Hospitality sector needs to committed to strengthening the resilience in the communities that serves, creating opportunities through jobs, sourcing and enhancing sustainability in both seeking to conserve resources and collaboratively encouraging the guests and teams to make everyday choices. Sustainability and energy efficiency are now integral to hotel development and operations, driven by both rising guest expectations and the need for long-term cost efficiency. At the development stage, this includes energy-efficient building systems, optimized natural lighting, climate-responsive design, and better insulation to reduce energy consumption while enhancing guest comfort.

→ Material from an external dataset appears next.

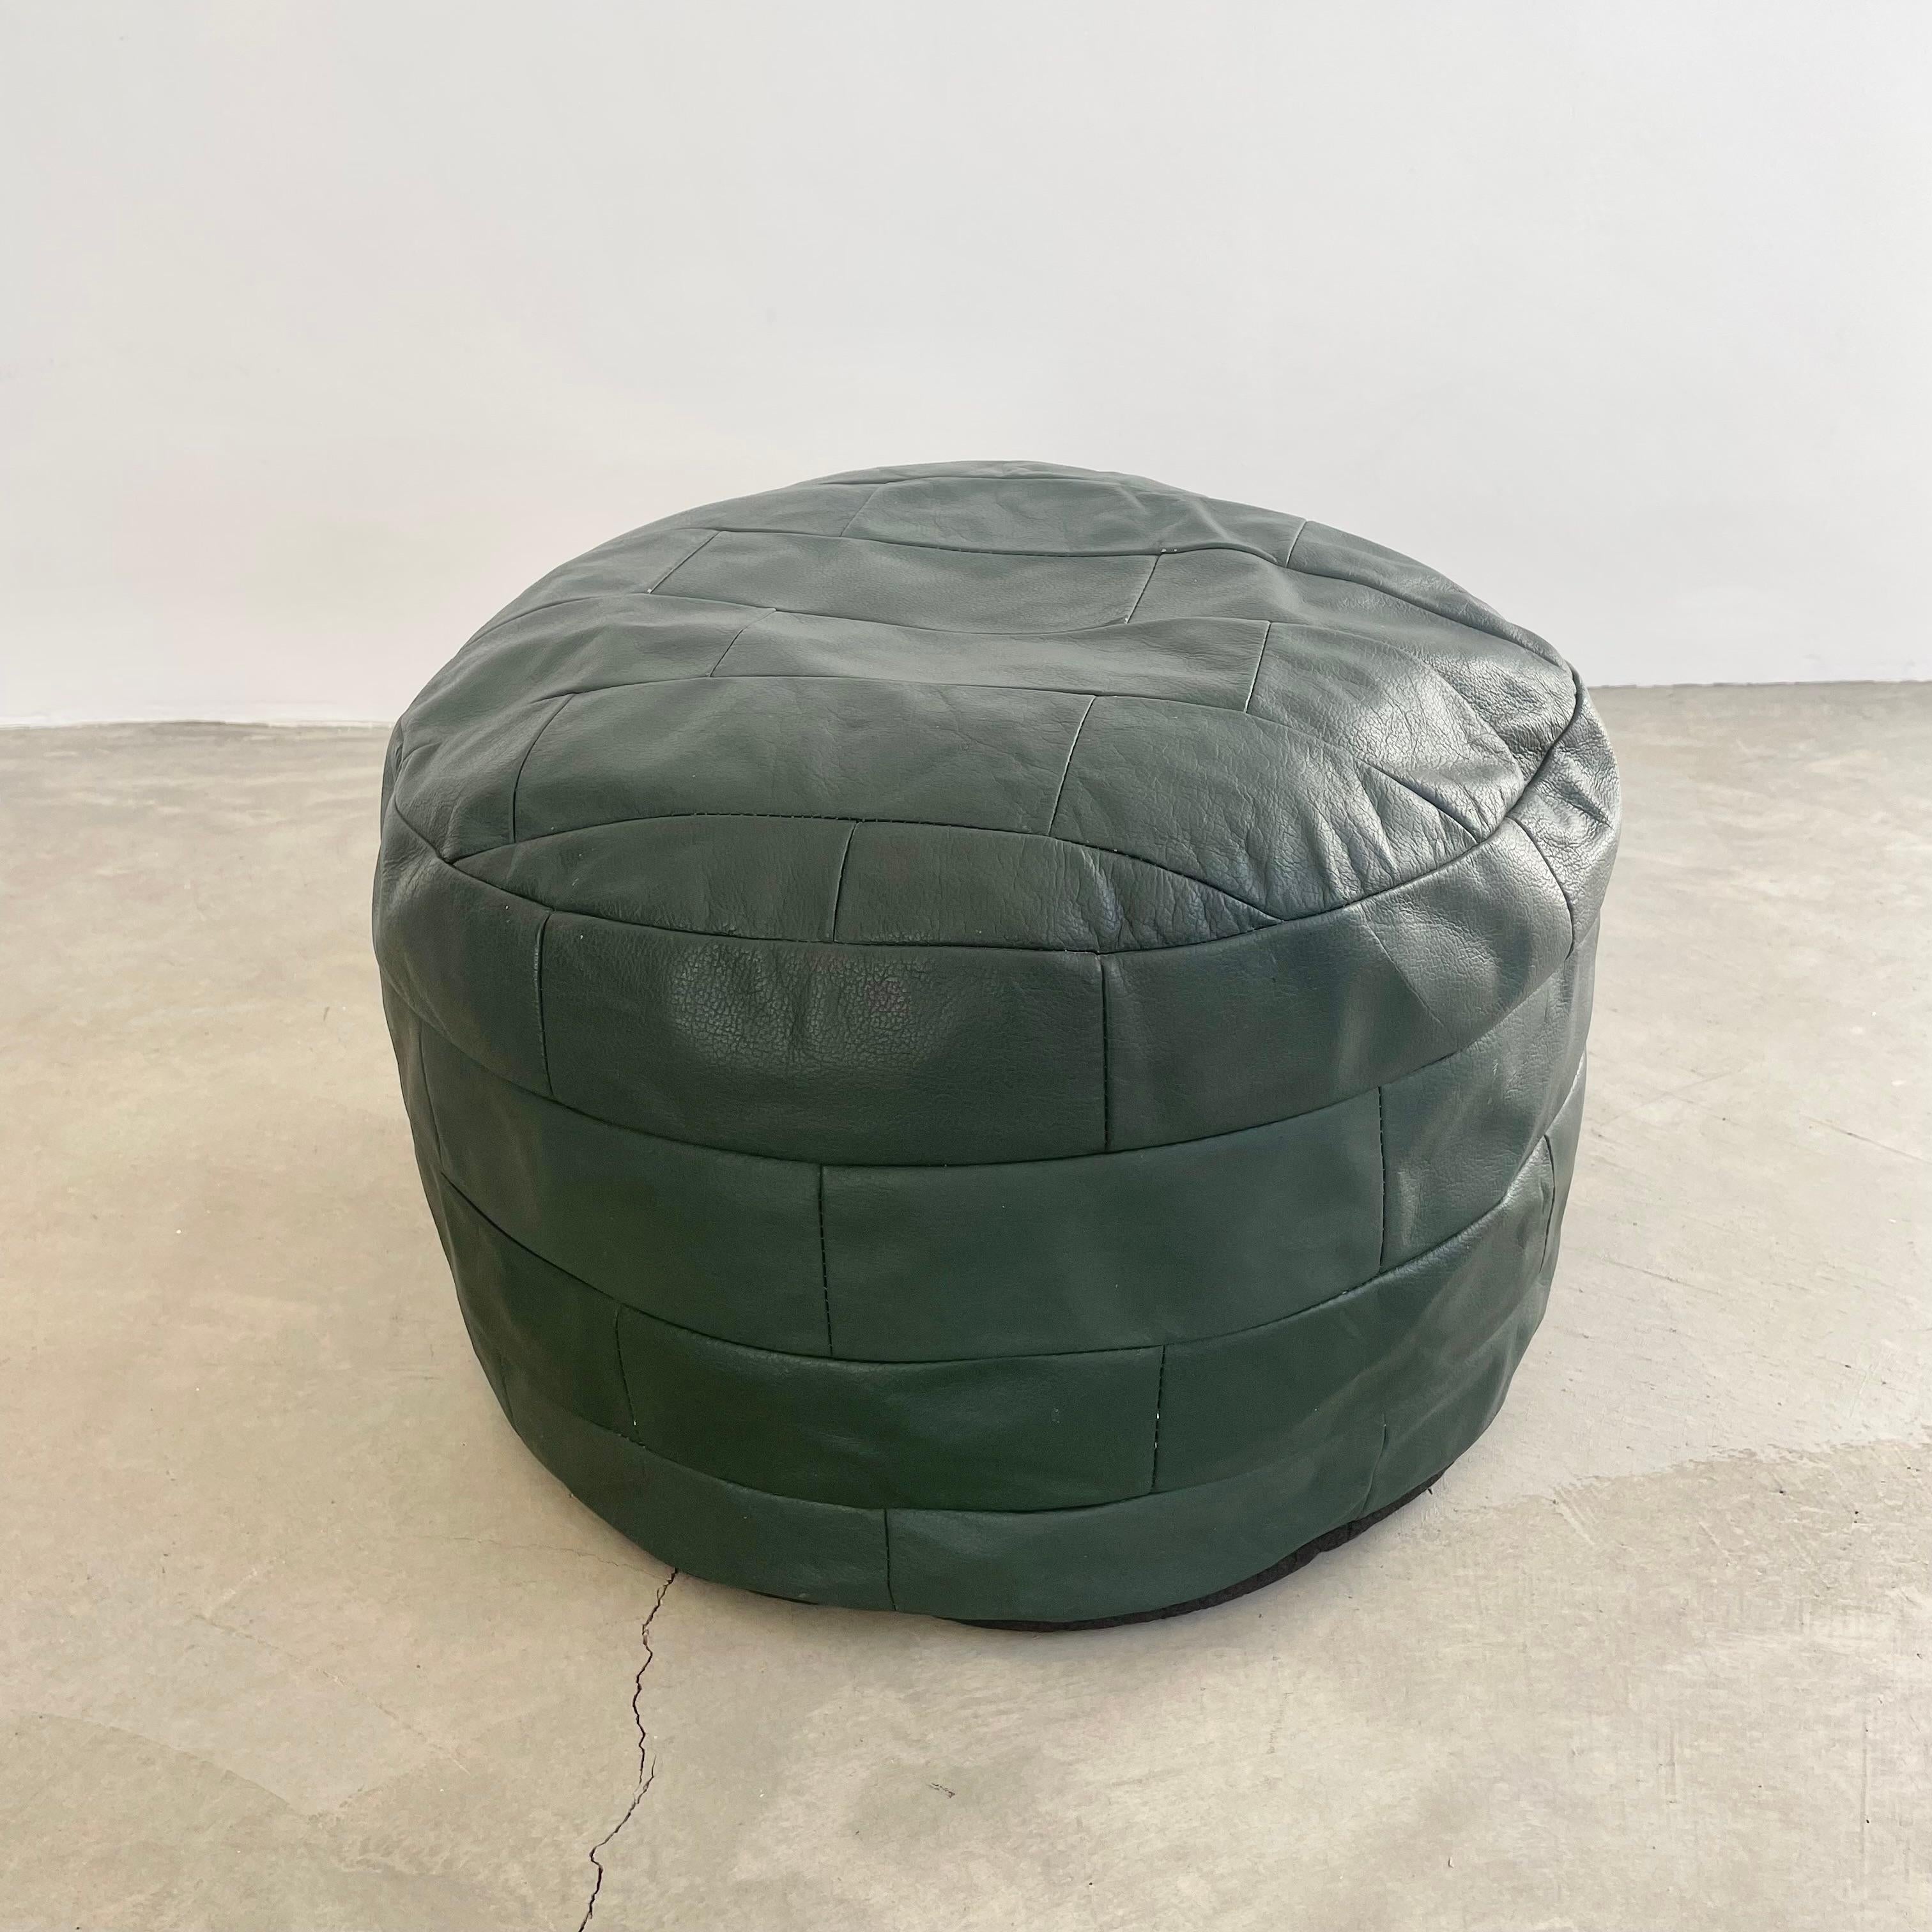 Gorgeous viridian green leather pouf/ottoman by Swiss designer De Sede with square patchwork. Handmade with wonderful faded patina. Gorgeous accent piece. Good vintage condition. Wear appropriate with age. Brand new filler. Perfect living room

Operationally, hotels are adopting energy management systems, smart HVAC controls, LED lighting, and water-saving fixtures to improve efficiency without compromising experience. Waste reduction practices, linen reuse programs, and responsible sourcing are also becoming standard. Aligning with local ecosystem through local hiring and regional sourcing, which reduces environmental impact while strengthening community connection.
Looking ahead, how do you see India’s hospitality landscape evolving over the next five to ten years, particularly in secondary and tertiary cities?
Apart from the geographical expansion and growth across tiers, I believe the hospitality industry will be able to provide the guests more choices based on personalization. This would include a line up of brands, services, experiences and digital offerings.
I believe discretionary spending and choices will define and generate regional hubs and non- metro transformation as far as hospitality markets are concerned. Reinvestment in technology initiatives, both to improve guest experience and operational excellence as both our customers and us, service providers get more curious and better at agility. Improved infrastructure, airport connectivity, and regional development are reshaping travel patterns, turning former transit and pilgrimage destinations into strong markets for business, leisure, weddings, and long-stay demand.
Guest expectations in these cities are also evolving. Travellers now seek branded experiences, consistent service, and strong F&B offerings, creating opportunities for conversions, rebranding, and asset repositioning alongside new developments. With rising metro congestion and costs, secondary cities will also become key hubs for social and MICE demand. Over the next decade, these markets will move from “emerging” to core growth engines driving resilient, long-term performance.